Now on the other hand i have never had a reel last me more then 3 yrs,other then a old diawa bg13 my uncle gave me ten yrs ago(this reel pulled me a limit of saugeye back on november). But the shimano stradic i got back in december just feels like itll be a good one,and should last a while...

Im gonna have to check out the penns. Oh I have also heard good things about mitchels..


----------



## JohnPD (Jun 12, 2012)

The Shimano Sonora series are great reels for about $50.


----------



## Eriesteamer (Mar 9, 2007)

I have a bigger then most regular open spin reel. had it long time. all I can say is it is a Dolpfin and has all ball bearings as far as I know. works so smth hard beleave. now to who makes it beats me. all I see is Dolpfin on it. it is biger then most thus heavy too. looks to me to be a well made reel. I hate open face spin reels thus never used it much. if you want buy it I get it out my storage bin take picture of it. to what it is worth beats me.


----------



## streamstalker (Jul 8, 2005)

Sounds like one from this saltwater series (Tica Dolphin): http://www.knkfishing.com/pd-tica-dolphin-sf-series-surf-cast-spinning-reel.cfm

Seems to me like most votes are for Schimano. It doesn't surprise me. One of my Stradics is at least 15 years old and still smooth and strong.


----------



## Eriesteamer (Mar 9, 2007)

your likly wright as it is a light salt water reel as far as I see. it is a bit differant then one shown. but the maker is what it maybe made by. as I say it sure is a sturdy reel. will take most fresh water fish you will ever catch. and same with light ocean ones like you get on shore. any ways it take the beatting as non can I am shure. by the mention a Mitchell open 300 is like it looks like. but trice size and weight. very well biult if I may say so.


----------



## kingofamberley (Jul 11, 2012)

I have a couple Shakespeare spinning reels that probably cost me around 30 bucks each years ago. One has 4 ball bearings and a trigger, and one has 5 ball bearings and instant anti reverse. Both have the drag knob on the back, which I prefer for fighting big fish. I never close the reel manually, and they work just fine and have for years. I don't see why it would matter; it looks like it is designed for this as there is a stud of metal on the exterior of the reel that hits the bail and closes it when you reel. Unless you are slamming it hard enough to break the metal stud off of the frame somehow, it really should not be a problem.


----------



## backlashed (Mar 19, 2011)

Saugeyefisher said:


> Im gonna have to check out the penns. Oh I have also heard good things about mitchels..

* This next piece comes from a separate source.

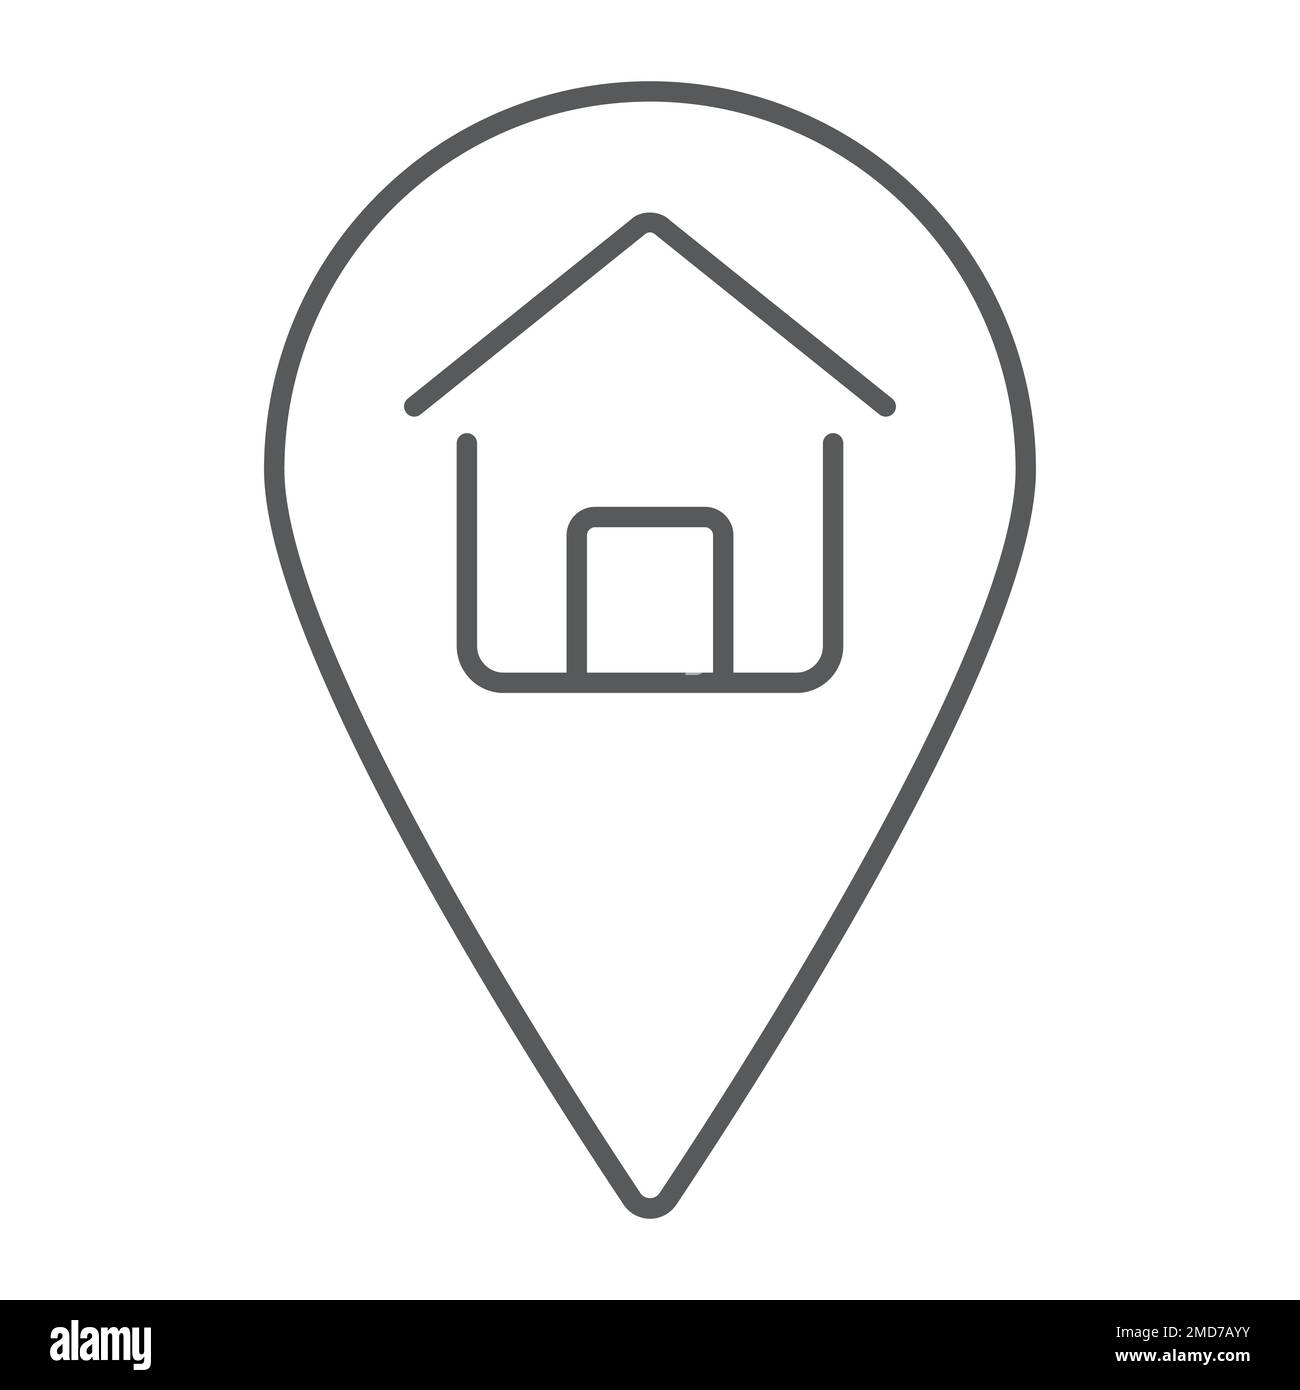 Home posizione icona linea sottile, immobiliare e casa, puntino segno grafica vettoriale, un motivo lineare su uno sfondo bianco, eps 10. Illustrazione Vettoriale

I use 4 vintage Mitchells, a 300, two saltwater 302's and a 510 on the matched 7' Conolon rod. I really like the 510, I'm buying another reel as a backup for parts, I'm going to take the butt of the second conolon rod and have a rod made for for the 510.

Penn has a great reputation and it's made in America. What's not to like about that? 

I just got my first Shimano last week, a Stradic Ci4 3000f matched to a custom 8' trout rod. Fished with it every day we were in Salvo, NC. That is a SWEET setup! I'll use it here and on saltwater.


----------



## ironman172 (Apr 12, 2009)

backlashed said:


> I use 4 vintage Mitchells, a 300, two saltwater 302's and a 510 on the matched 7' Conolon rod. I really like the 510, I'm buying another reel as a backup for parts, I'm going to take the butt of the second conolon rod and have a rod made for for the 510.
> 
> Penn has a great reputation and it's made in America. What's not to like about that?
> 
> I just got my first Shimano last week, a Stradic Ci4 3000f matched to a custom 8' trout rod. Fished with it every day we were in Salvo, NC. That is a SWEET setup! I'll use it here and on saltwater.


I've got those mitchells but still find myself using the newer equipment(reels) for the faster gear ratio....I like to be able to move a bait or lure fast.... if needed....just personal opinion though....but I love my stradic 4000,cabo's, penn's....


----------



## stewey (Jan 28, 2009)

Sadly all but one of Penn's current line of spinning reels are now manufactured in the Far East.


----------